Порывшись в своём нетто мешке, не то сумке, он достал оттуда аккуратно завёрнутую в целлофановый пакет общую тетрадь и протянул её мне. Бомж передавал ту затёртую тетрадь так, словно она была у него самой ценной вещью, самой ценной, которая только бывает на свете. Несомненно, она была для него очень дорога. В ней заключён был весь его мир, его мысли, его жизнь и мечты.
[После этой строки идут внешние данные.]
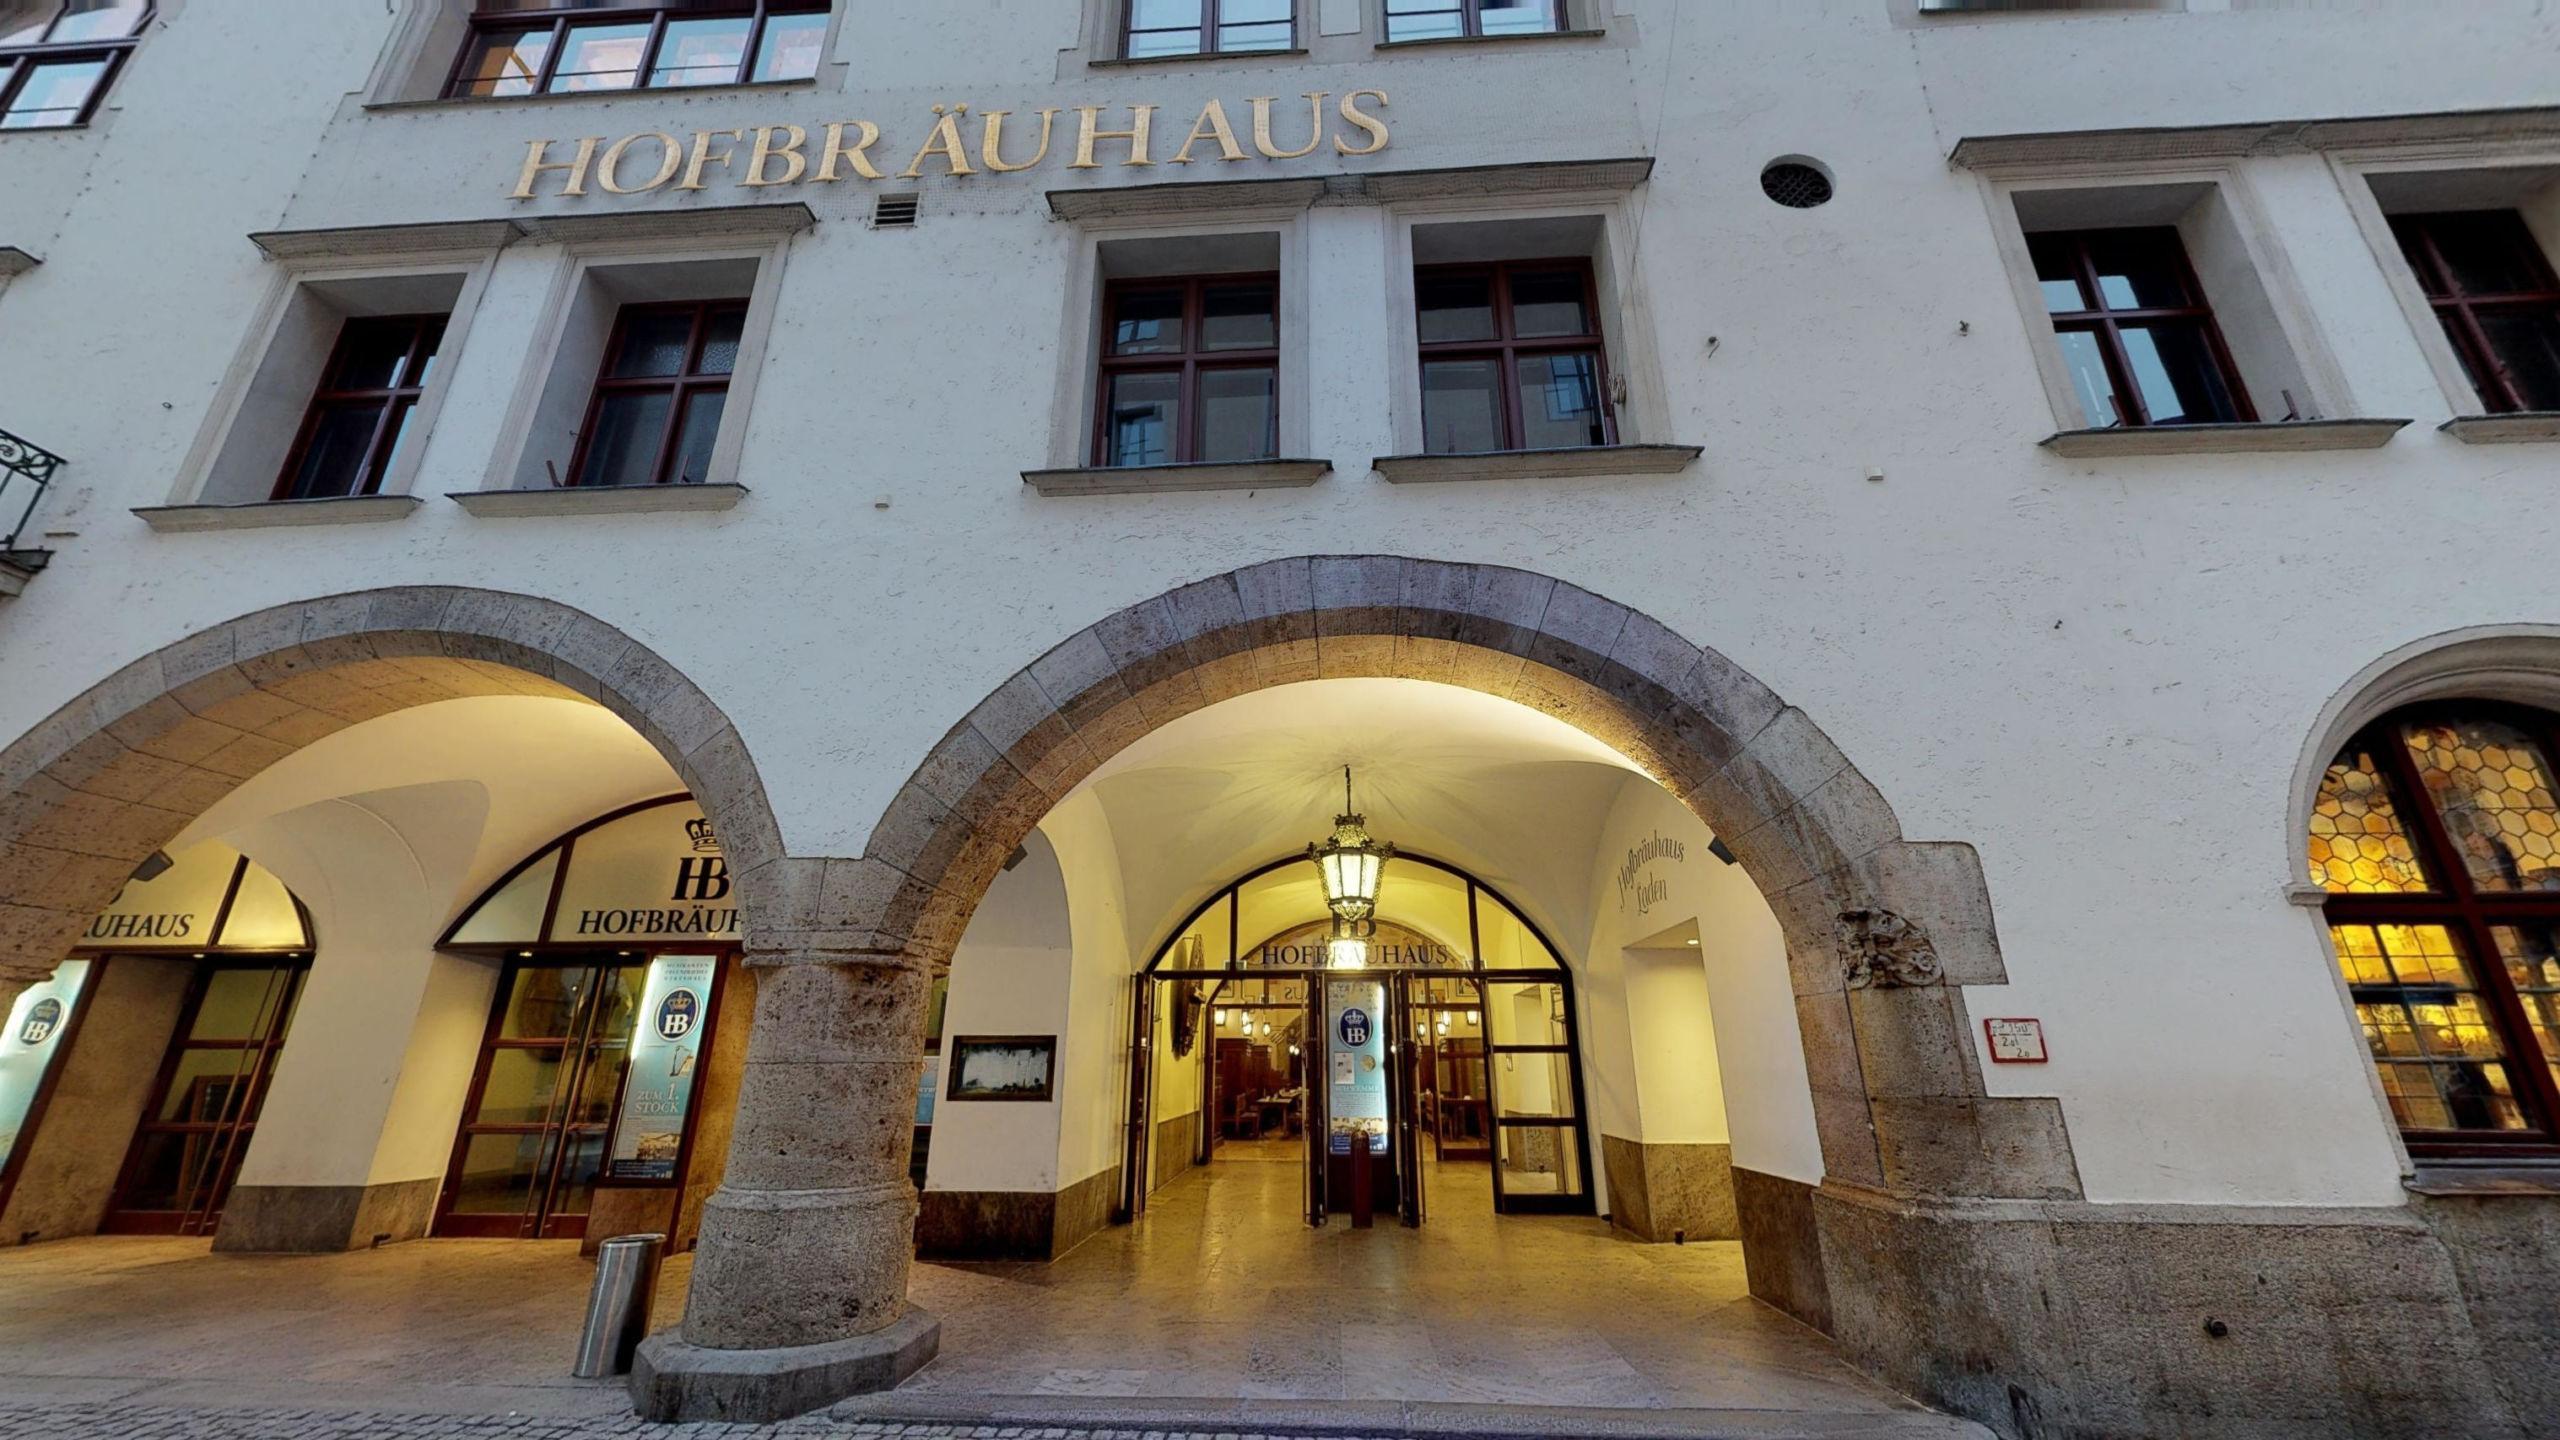 HOFBRÄUHAUS MUNICH ENTRANCE | GOOGLE STREET VIEW | VIRTUAL TOUR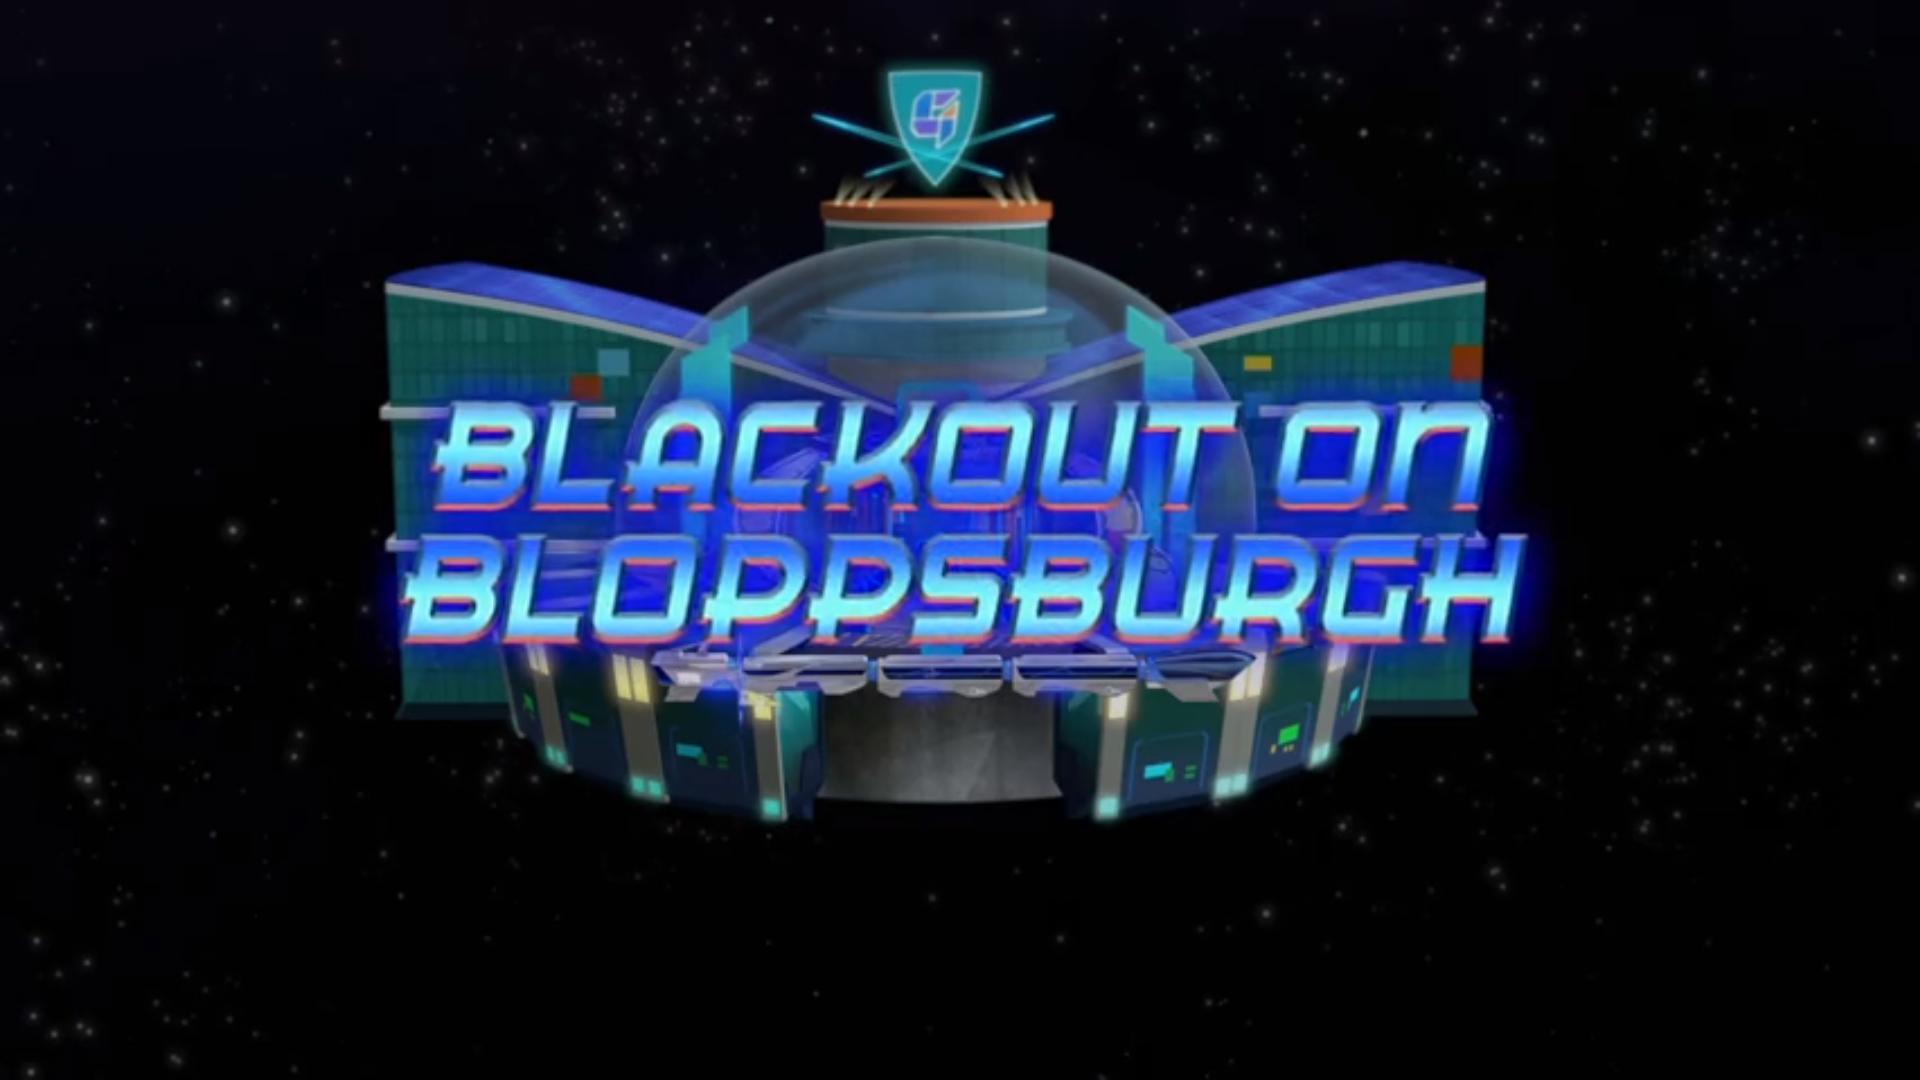 Blackout on Bloppsburgh

Неспеша я перелистывал страницы его сокровища, с трудом разбирая трудный текст, написанный, и карандашами, и шариковыми ручками, и ещё не понятно чем. Тем не менее, откровенно говоря, стихи мне понравились. В них ощущалась искренность, ощущалось жаркое сердце, израненная страждущая душа и мятежные мысли.
«Не по сезону я одетый иду по улице, горбясь, и, как покойник не отпетый, я участь жду, не торопясь…» - читал я увлечённо, не обращая уже внимания на бомжа.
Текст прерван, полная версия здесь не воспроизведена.